There’s art; there’s music. With the recording industry here, you have everyone who’s not too busy being ‘indie’ in Seattle down here vying for their brass ring of a recording contract. There is so much talent here that you can choose just about any venue just about any night of the week and while it may not be your type of music, it’ll be good, amazingly good for its genre, even from an “unknown”.
There were also little things that really could have been anywhere that just made me happy, such as the Buddha in Topanga canyon. There’s something real and alive about it. Yes, the Buddha is a specific religious iconic figure, but the fact that someone thought to paint it in that out-of-the-way, forgotten concrete whatever-it-had-been, it’s just that touch of Beauty that tickles the heart.
That reminds me, the Pacific Ocean is now, well, as real as it can be to me in as much as I was not feeling up to going out and getting my feet wet in it. I sat and stared at the waves, entranced by their rhythms. There’s something about the pounding water; there’s so much of it, you really can feel it in the ground even hundreds of feet from the coast. Up on Santa Monica pier, I could feel it when the tide really started to pound its way up the shore.
That was a day where it was the company that counted. The pier is yet another contrived amusement. Luckily, I had a great companion that day (also vacationing here a few days from Seattleland) and we soon abandoned it for what one could say were more frivolous yet, to me, infinitely more real pursuits. He had rented a fairly delicious cherry-red convertible, and so, in true California fashion we set out with the mission in mind to cruise down palm tree lined streets with the top down. Even that whisper of an abstract was made real. Very California, and very fun.
We also made an event out of Los Angeles’s famous rush hour traffic. I swear we were the only ones happy to be sitting in that backup. Those are the abstract adventures that make a vacation fun, and LA and its environs were a particularly ripe collection of them just waiting to be found.
The friend who is here for film school and I spent an evening walking up and down the famous Sunset strip, and for all that we never did go into any club on there, or actually do anything really, I had a fantastic time just soaking the place up from the near-teenie-boppers outside the Viper room to the exceptionally polishedly posh older set dining on the sidewalks of the more upscale restaurants.

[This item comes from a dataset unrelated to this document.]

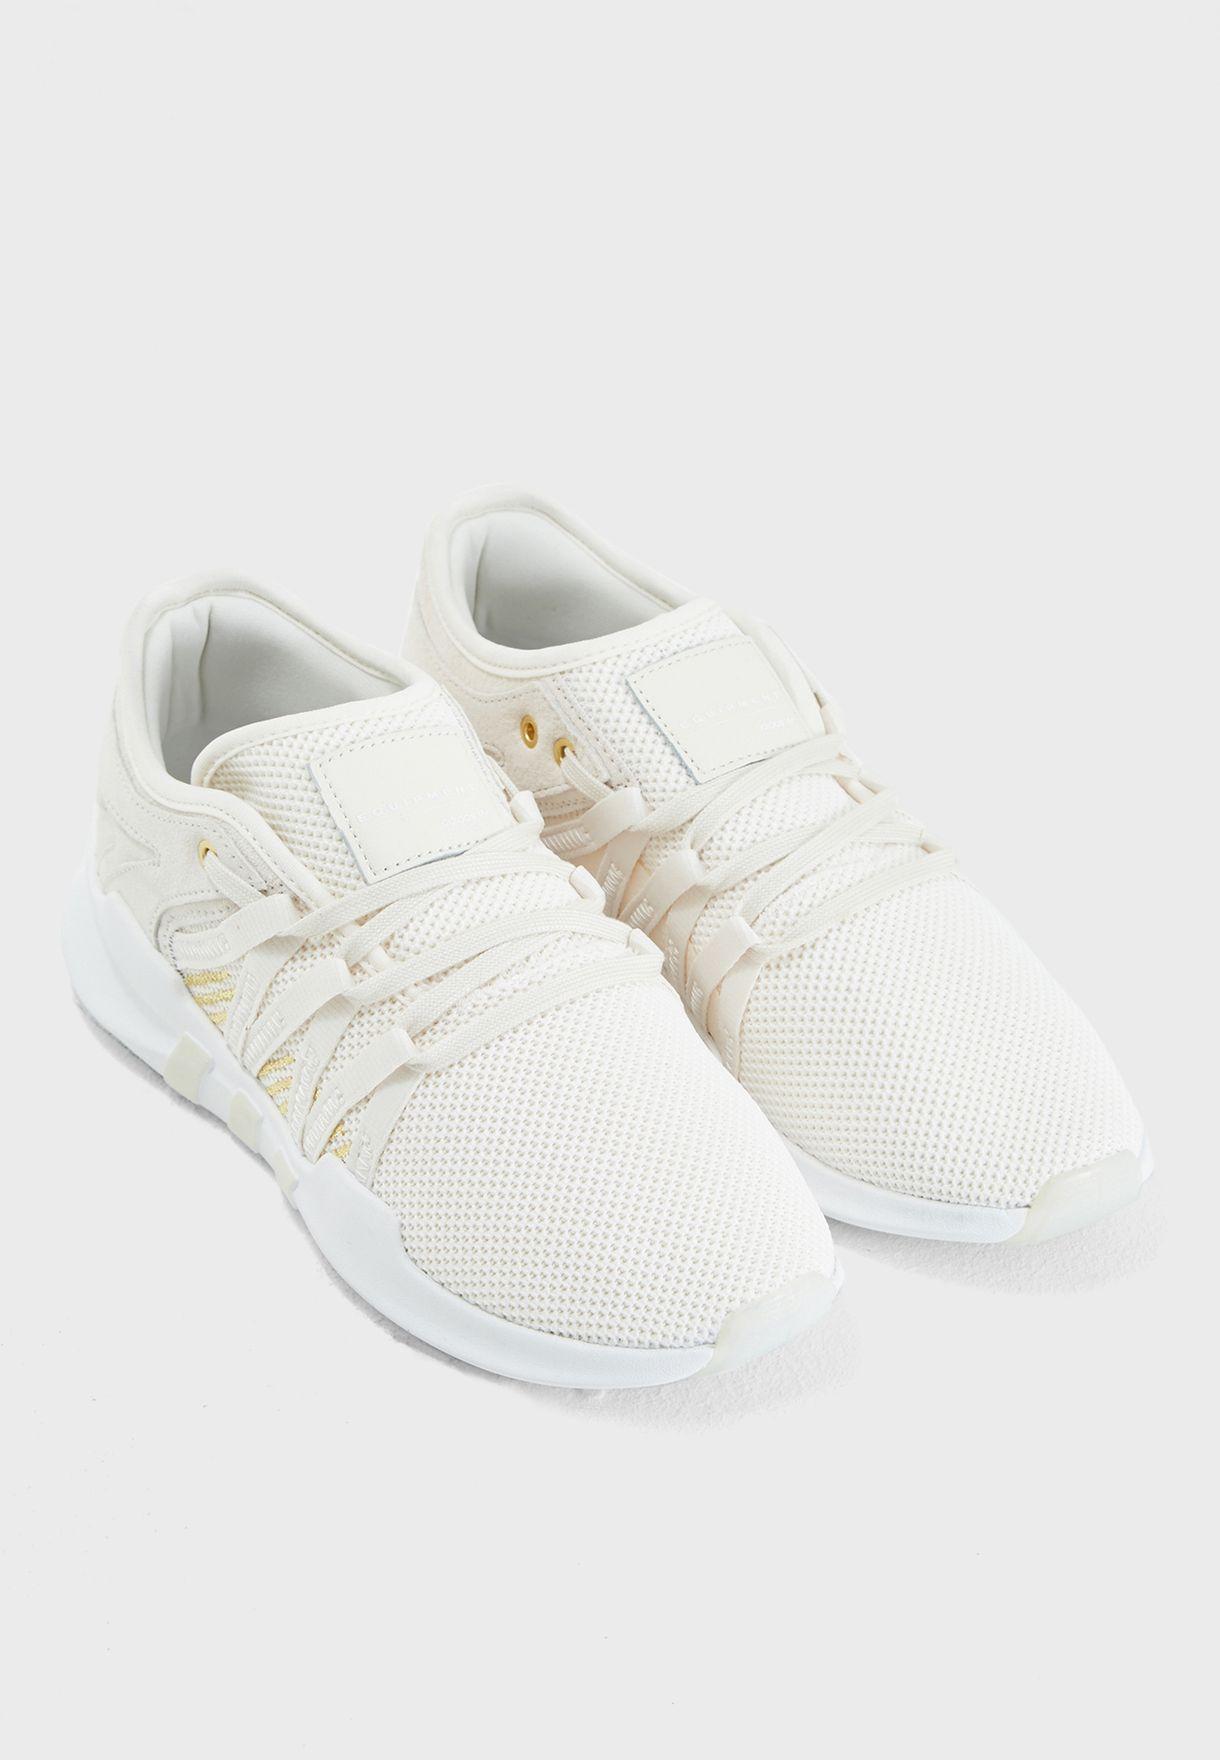 adidas Originals beige EQT Racing ADV

In any place, it’s the people that matter, all of them, the whole spectrum. They and their ways and words are the real attraction. The places were fun to stand in and pull from 2D to 3D in my memories, but the people, the people held my fascination. I have moved from state to state several times in the last decade, and every time I love to taste the new flavor. In moving somwhere, though, you become accustomed to it, and it flavors you in return until you can no longer taste it for it has become part of your own point of view.
A visit like this, though, was just enough to get that taste, savor it, and copy down as much as I could of the recipe. I grew up somehow with the belief that all of California was weird, that nothing good came out of it. I honestly do not know where along the way I picked it up, and it doesn’t matter as it is time to discard it. It’s a different place, more different than anywhere I’ve been and countlessly different within itself, and it has a beauty all its own. Yeah there’s a level of showmanship in everything from movie hype to plastic surgery, but there’s still a common spark. I no longer wonder why or how one place can carry so much cultural impact.
Tomorrow afternoon I fly home to my family. I have missed them so much–my husband, my children, even my silly little fairy hut of a house. That’s the true test of a vacation–if it leaves you not only longing for home, but ready to jump back in with both feet. I am so ready. Vacation has been great and, undoubtedly, very good for me, but it is not home. I miss our spark. That’s what’s real.